We anticipate that ChatGPT will stimulate numerous innovative developments in orthopaedics by enabling new approaches beyond conventional knowledge frameworks. Many surgeons recognise that AI capabilities are continually advancing. Hirosawa et al. ^[20] demonstrated how diverse medical images – including clinical photographs and diagnostic imaging – can be incorporated into AI systems. In line with this evolving approach, our study integrated multiple forms of pre-operative data. Future studies may expand further to include dynamic information, such as videos of gait or speech, because these factors have also been reported to influence medical risk and prognosis ^[5]. Validation using external datasets and resampling techniques will be essential.

This study suggests that ChatGPT, particularly GPT-5, may enable exploratory separation between survivors and non-survivors after multimodal integration of pre-operative clinical information in pertrochanteric fracture patients.

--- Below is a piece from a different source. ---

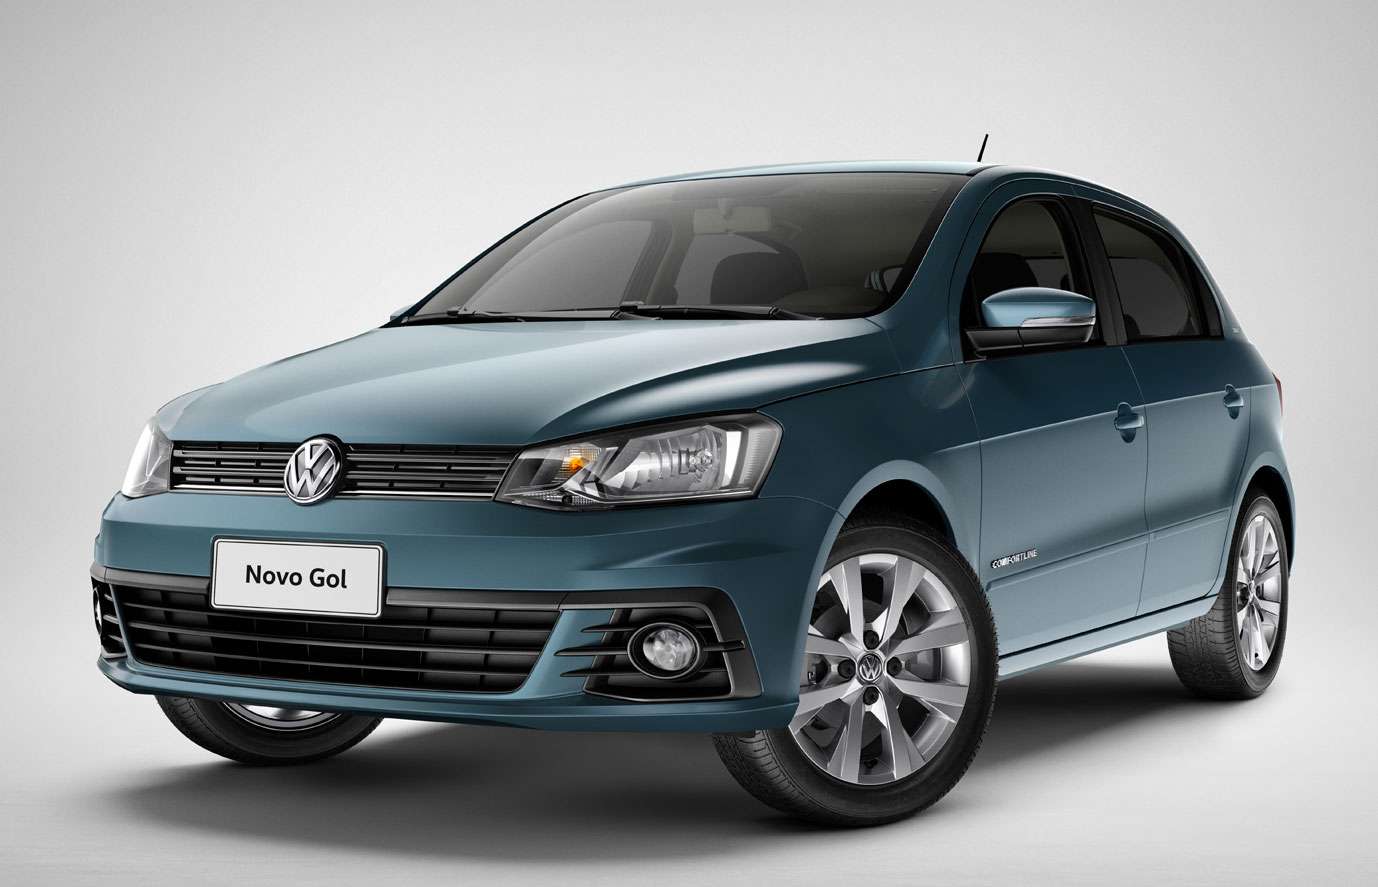 Volkswagen Gol G5 2011 Trend 1.0 - fotos, consumo, preço

This should not be interpreted as proof of predictive validity. Rather, these findings indicate that a generative AI–assisted multimodal approach may provide clinically meaningful insights and support medical reasoning in orthopaedic practice.

ChatGPT-assisted multimodal integration of routine preoperative data may help synthesise complex clinical information in elderly hip fracture patients. This approach demonstrated reproducible separation between survivors and non-survivors, particularly with GPT-5. These findings should not be interpreted as predictive accuracy due to the exploratory design and marked class imbalance; rather, they reflect a structured form of clinical reasoning based on heterogeneous data integration. AI-assisted multimodal assessment may serve as a practical prototype to support complex decision-making in daily orthopaedic practice.